Doing things the hardway - can't we just use pandas?

If things work you can use high level tools and never care... but what about when they don't work?

Pandas objects do take additional memory overhead.

I need you to...

  • Ask questions
  • Try the samples
  • Raise issues
  • Stop me if I'm being boring or irrelevant

Listening to me drone on will be boring... for all of us.

Workshop plan

  • Introduction
    • Tools
    • Getting Help
    • Debugging
  • Sample problems - code and discussion (depending on interest)

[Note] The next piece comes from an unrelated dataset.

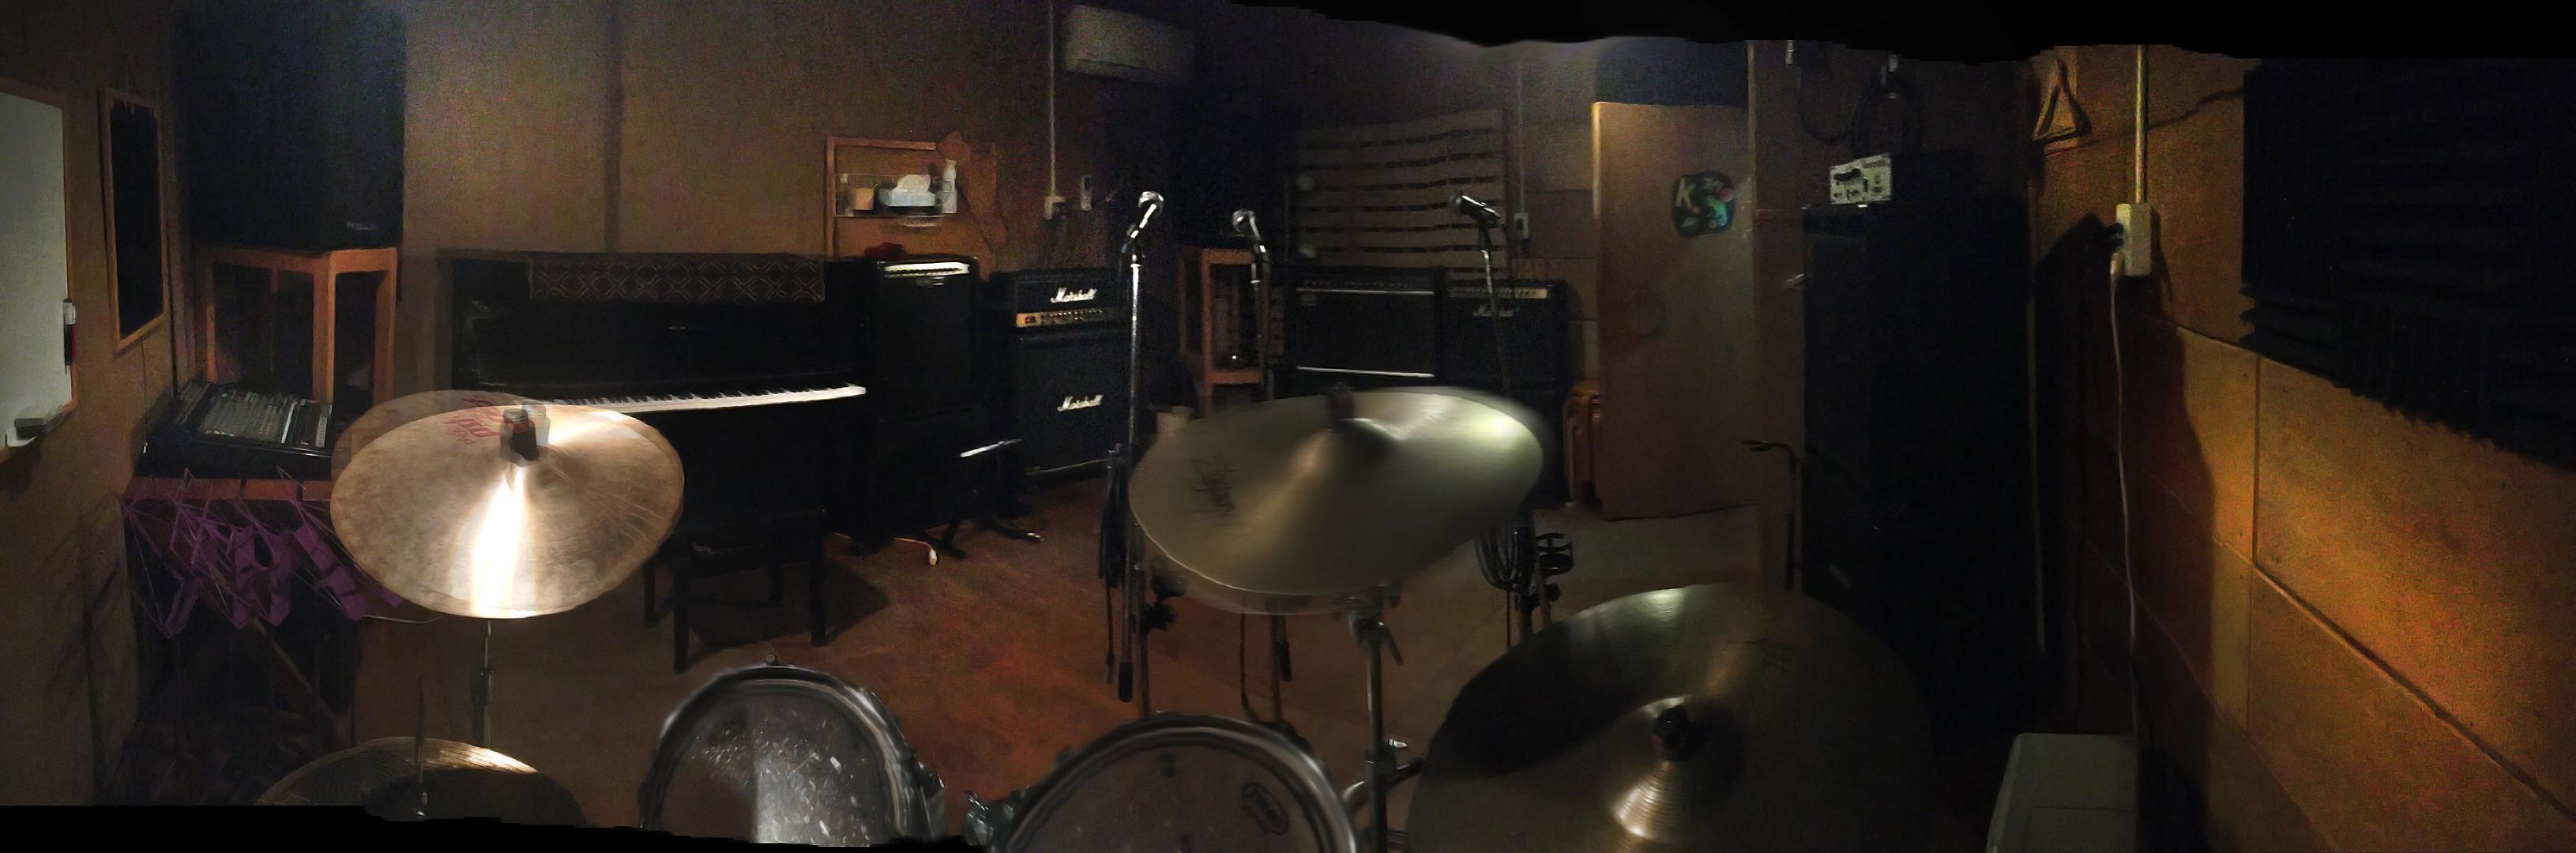 Kスタジオ

    • plain text - word counting Moby Dick
    • Fixed Width
    • CSV
    • JSON
    • XML
    • Excel
    • HTML/Scraping
    • binary

Tools

Getting help

  • Python - docs.python.org
  • Library documentation
  • dir() and help() from Python shell

Python.org documentation


In [ ]:
#Using dir() and help()
import pandas

Debugging

Use print a lot

  • simple
  • fast
  • “Did the code get here, and what was x when it did?”
  • Not so good for edge cases in loops, large structures, etc.
  • a bit awkward to clean up afterwards

In [ ]:
for x in range(10):
    # do various things here... 
    y = x*x
    print("y: ", y)

logging


In [ ]:
import logging

# create the logger
logger = logging.getLogger('my_process')
logger.setLevel(logging.DEBUG)

# set up file for debug level messages
file_handler = logging.FileHandler('process.log')
file_handler.setLevel(logging.DEBUG)
logger.addHandler(file_handler)

# setup console for errors only
console_handler = logging.StreamHandler()
console_handler.setLevel(logging.ERROR)
logger.addHandler(console_handler)

logger.debug("This goes only to the file")
logger.error("This only goes to the console and the file")

In [ ]:
print(open('process.log').read())

Python (or IDE) debugger


In [ ]:
import pdb

for x in range(10):
    # do various things here... 
    y = x*x
    pdb.set_trace()

Opening and reading files

Opening

  • encoding and errors
  • binary vs text
  • universal newline
  • "with" context handler

Binary files

  • open as binary
  • bytes, not strings
  • struct module
  • "endianness" or byte order
  • Format specifier to unpack must match the one used to pack

In [ ]:
import sys
sys.byteorder

In [ ]:
# example of binary files
import struct
answer = 42
month = 5
day = 6

# pack 3 ints into binary
buffer = struct.pack("III", answer, month, day)
print("Buffer as bytes:", buffer)

# write to file in binary mode
open("test_binary", "wb").write(buffer)
print("Decoded to string :", buffer.decode())
print("Unpacked to tuple:", struct.unpack("III", buffer))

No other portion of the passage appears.